■ Problem to solve
The material below includes pictures; leave them out and return only the lines between the line containing "Wood Wooden Brass" and the line containing "Villa Firenze: Μια", inclusive, word for word.

(Exercise data)

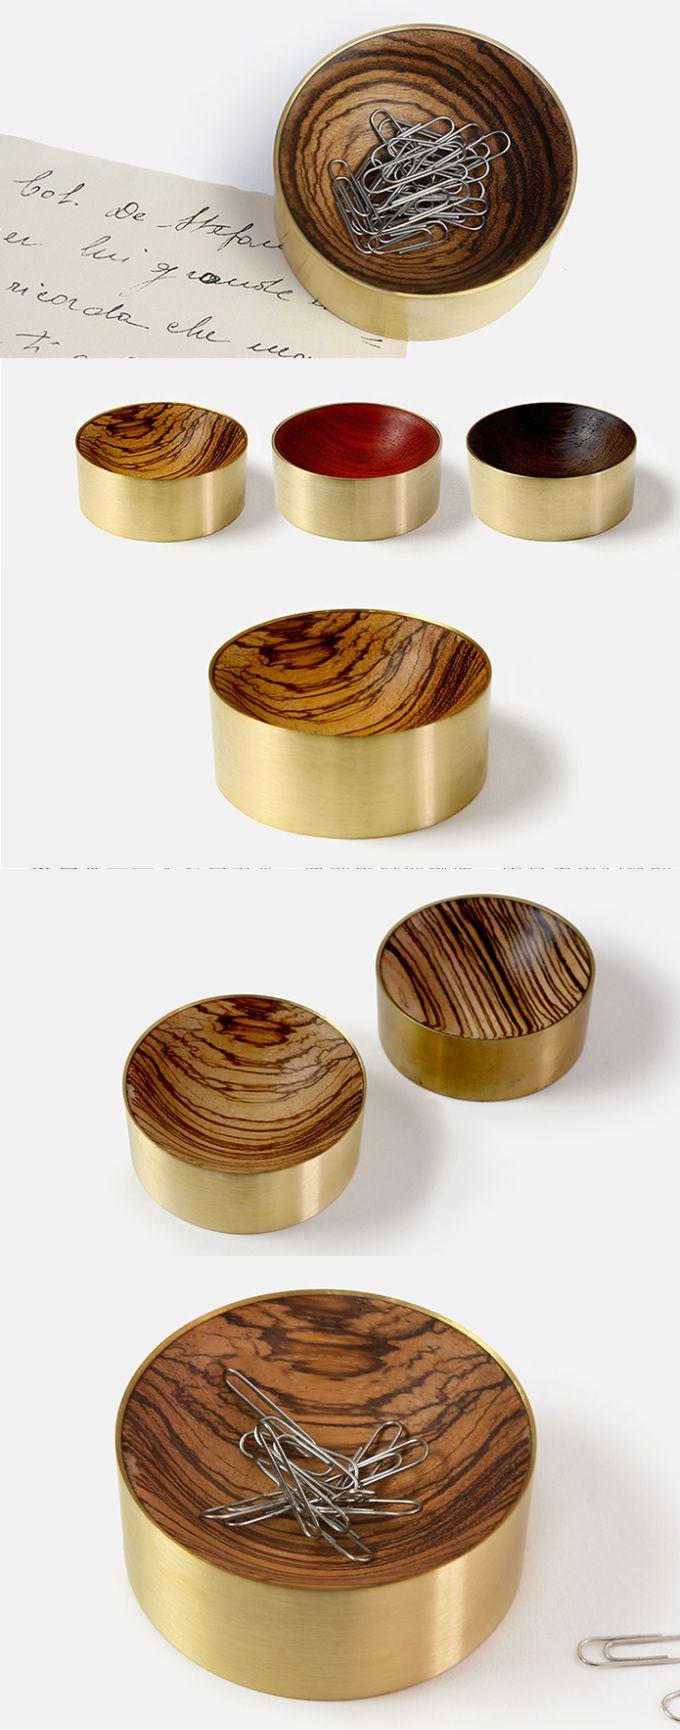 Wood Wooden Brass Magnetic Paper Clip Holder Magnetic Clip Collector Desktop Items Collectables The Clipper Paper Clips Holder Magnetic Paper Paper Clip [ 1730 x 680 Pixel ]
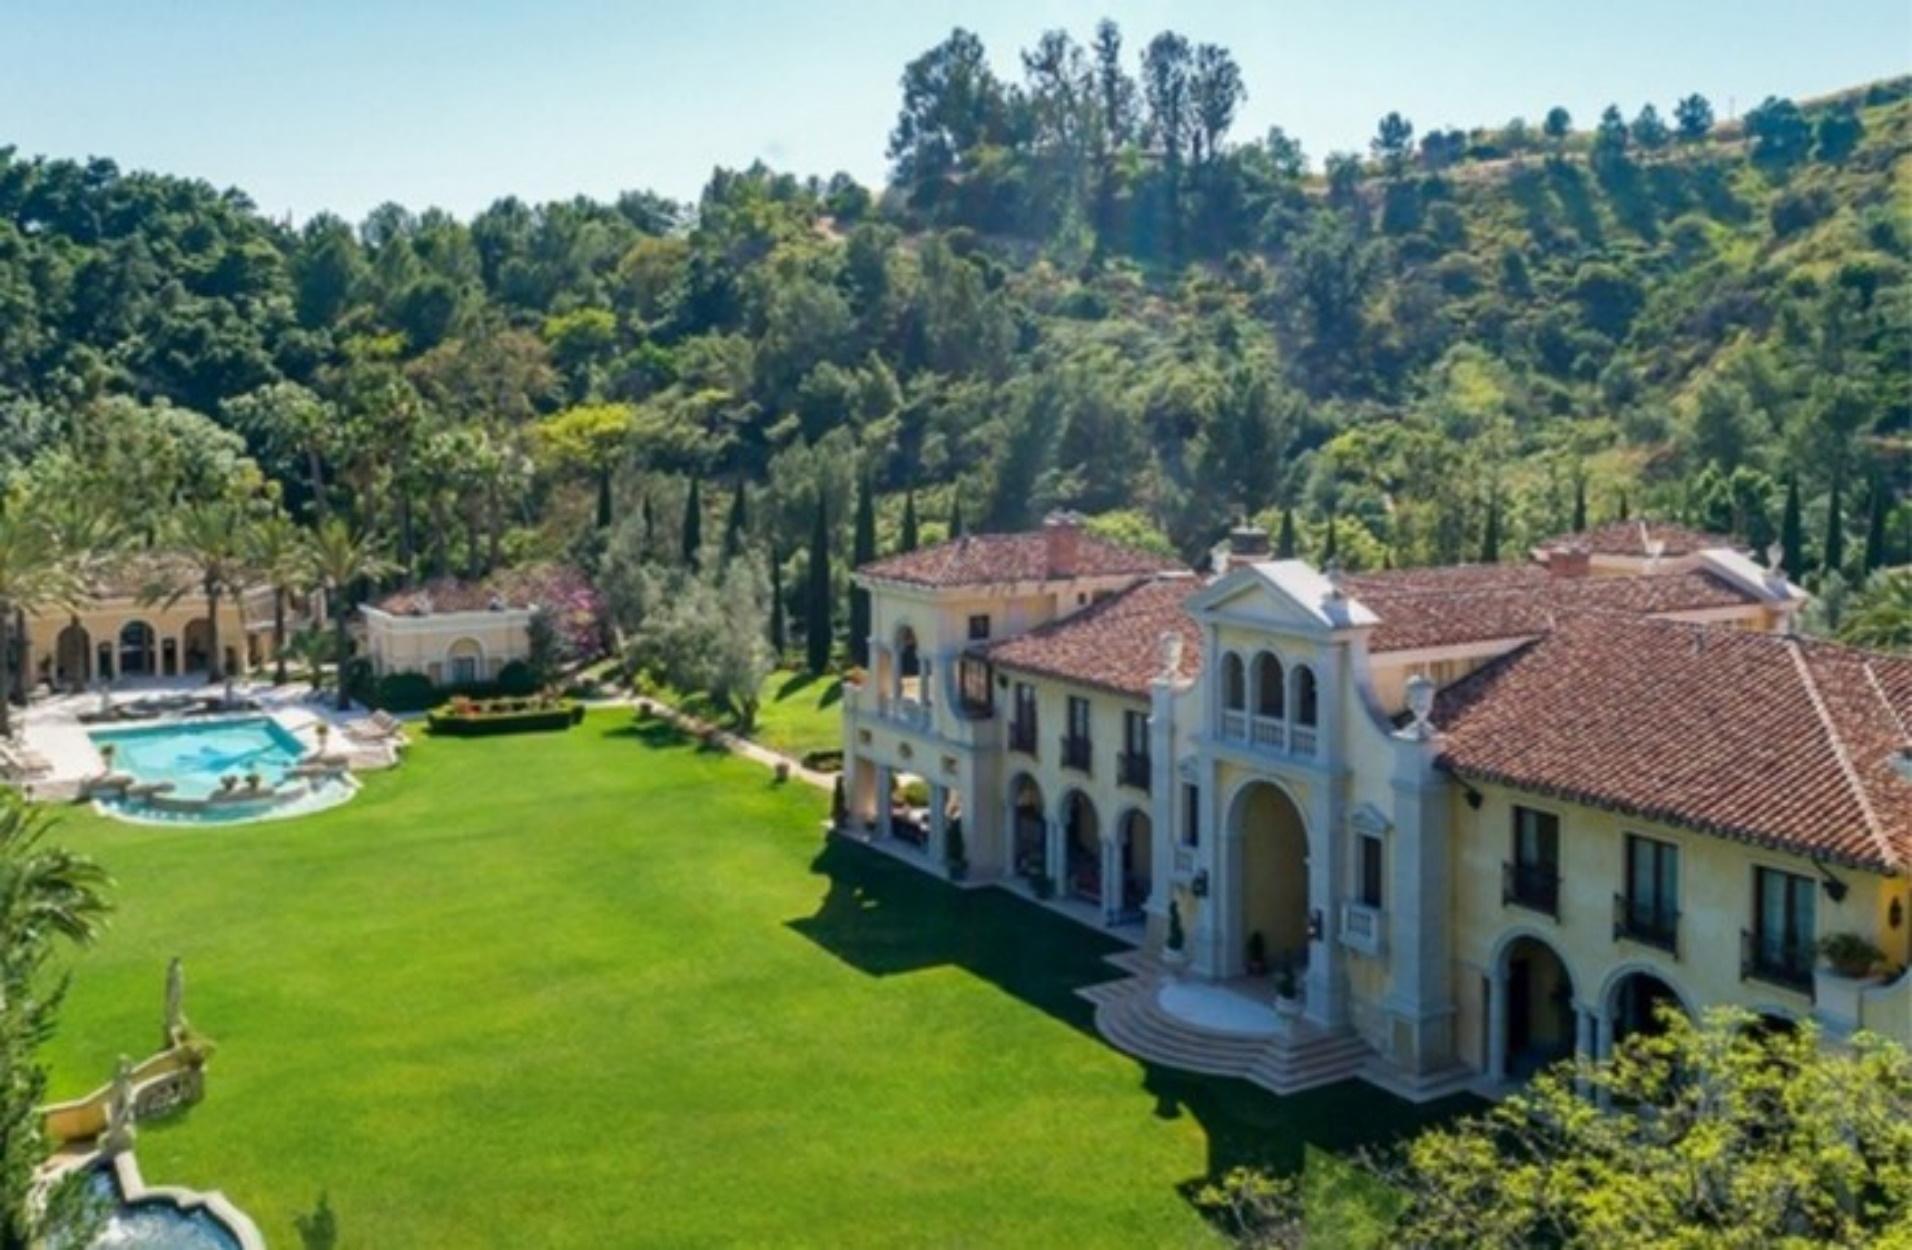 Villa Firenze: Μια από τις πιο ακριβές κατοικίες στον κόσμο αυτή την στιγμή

(End Exercise data)
(Exercise data)

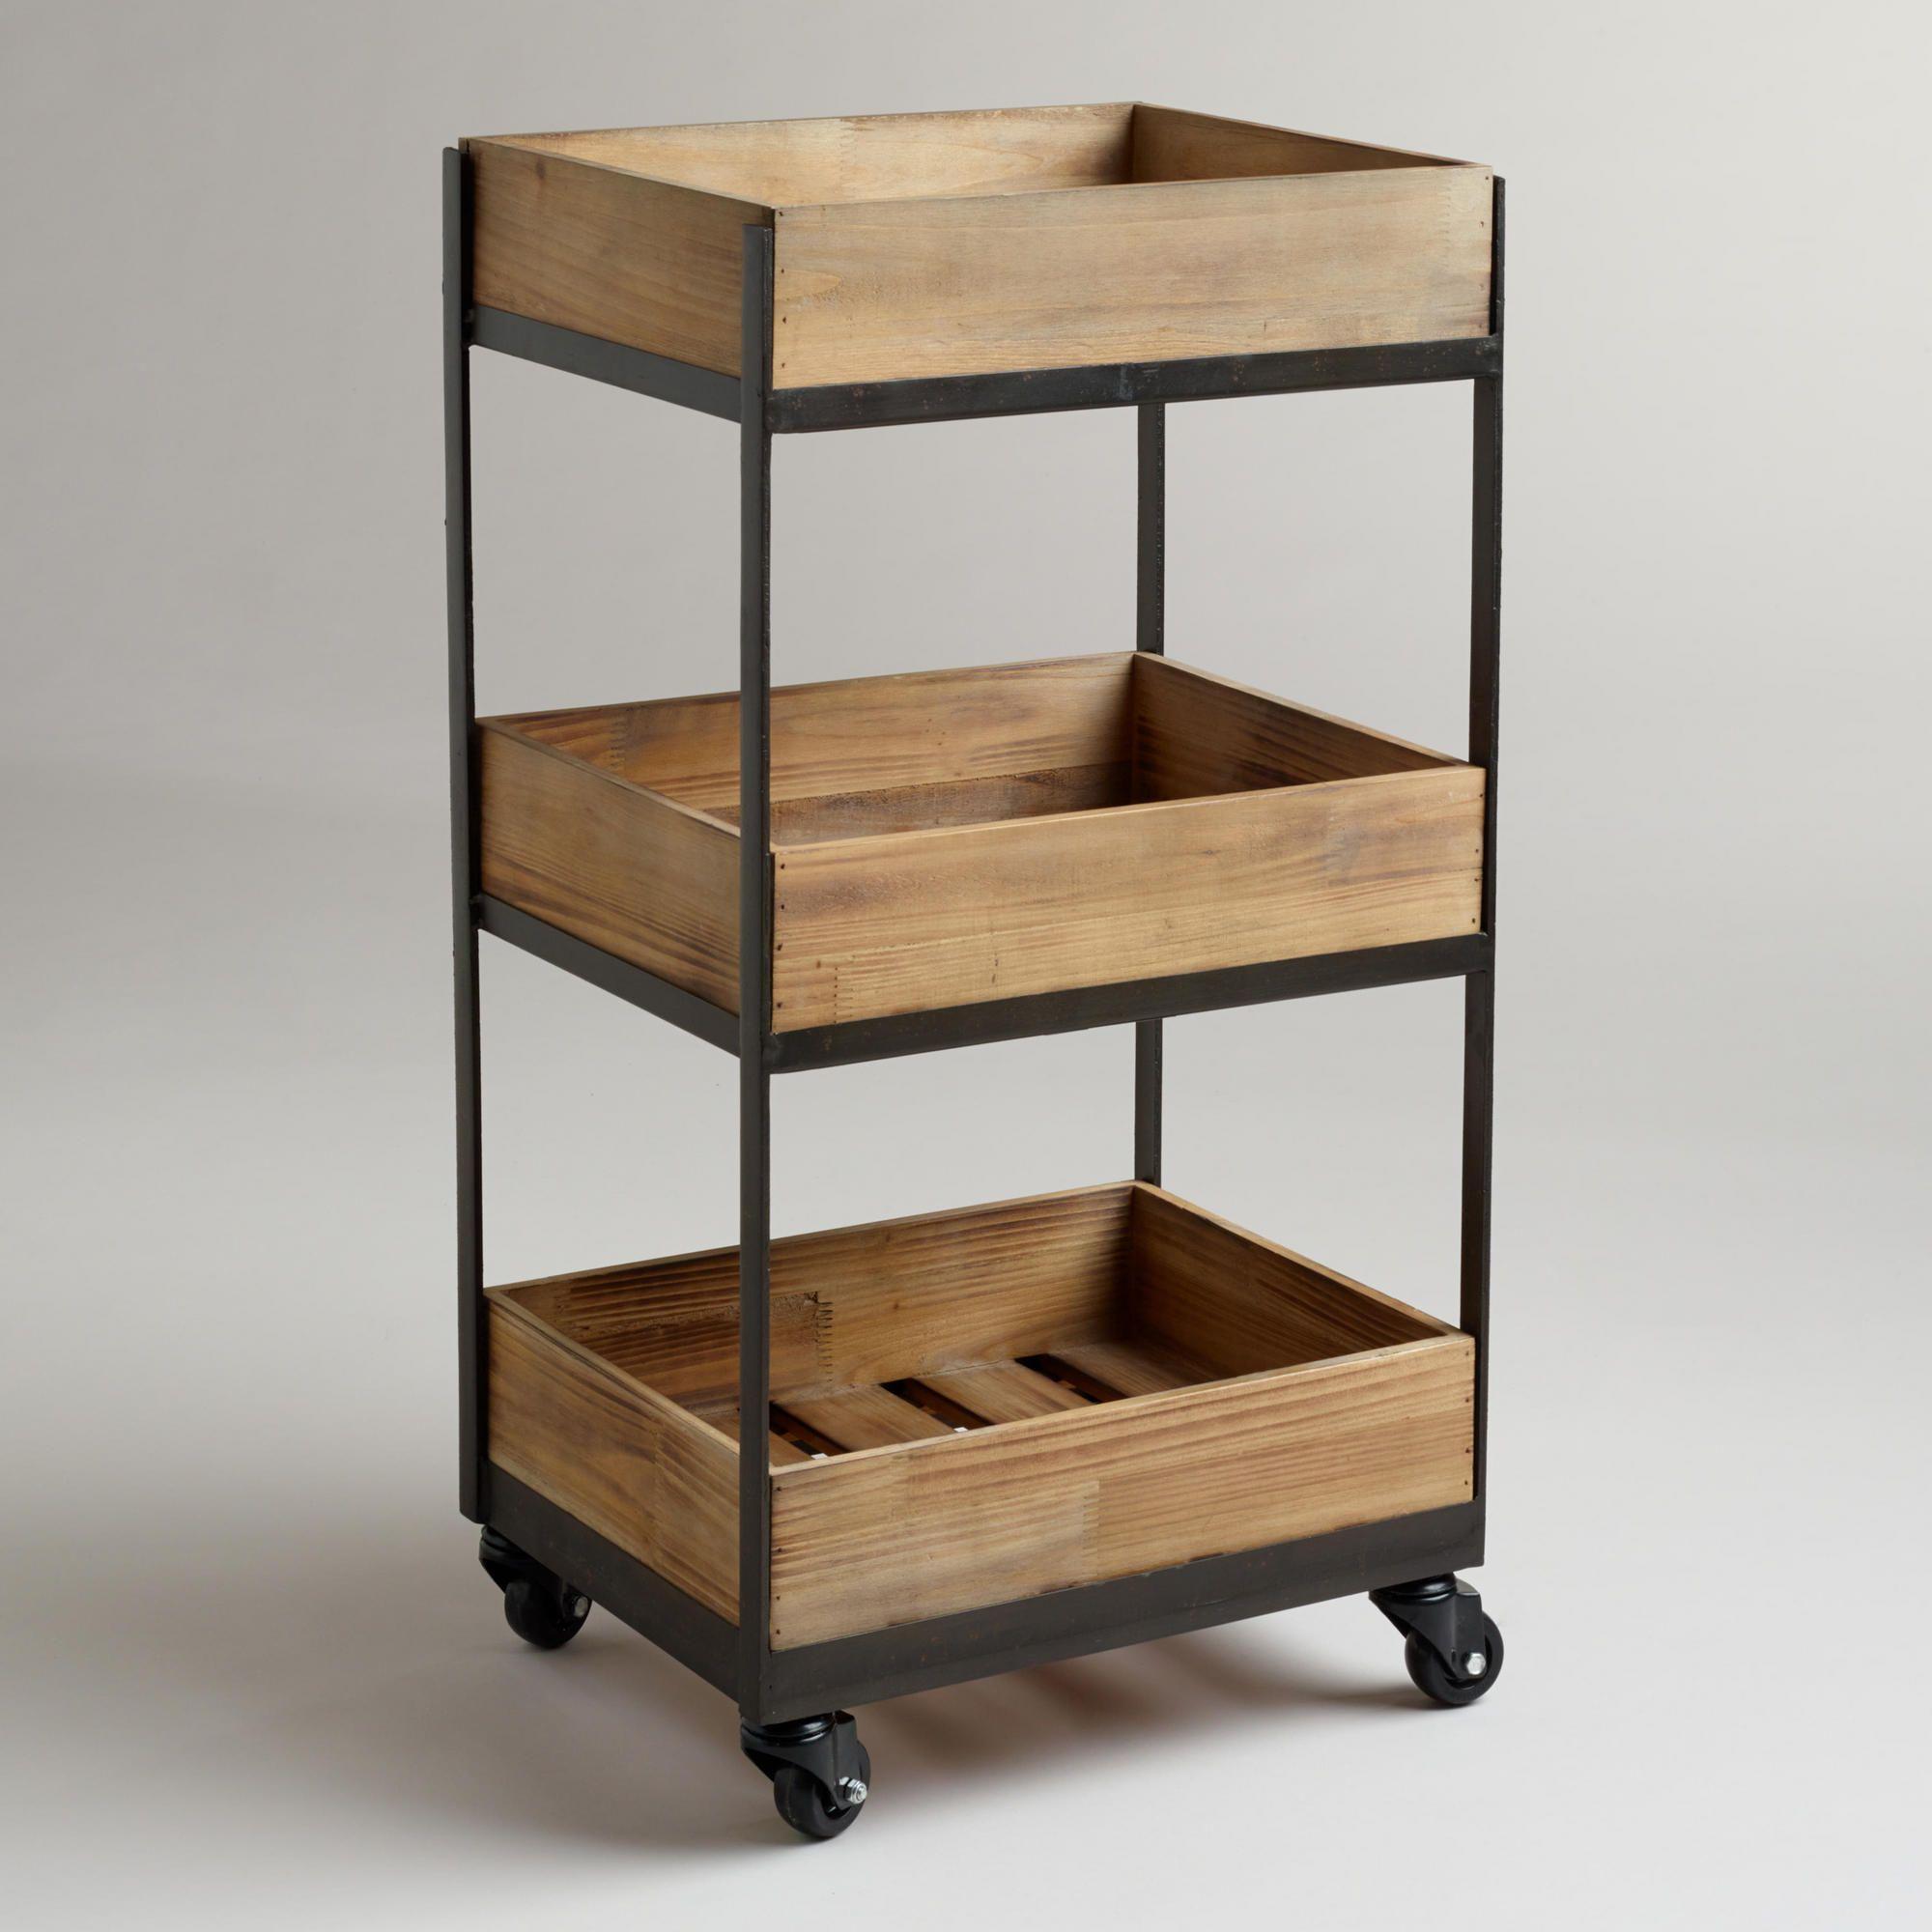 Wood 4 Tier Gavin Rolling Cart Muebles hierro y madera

(End Exercise data)

■ Exercise solution
 Wood Wooden Brass Magnetic Paper Clip Holder Magnetic Clip Collector Desktop Items Collectables The Clipper Paper Clips Holder Magnetic Paper Paper Clip [ 1730 x 680 Pixel ]
 Villa Firenze: Μια από τις πιο ακριβές κατοικίες στον κόσμο αυτή την στιγμή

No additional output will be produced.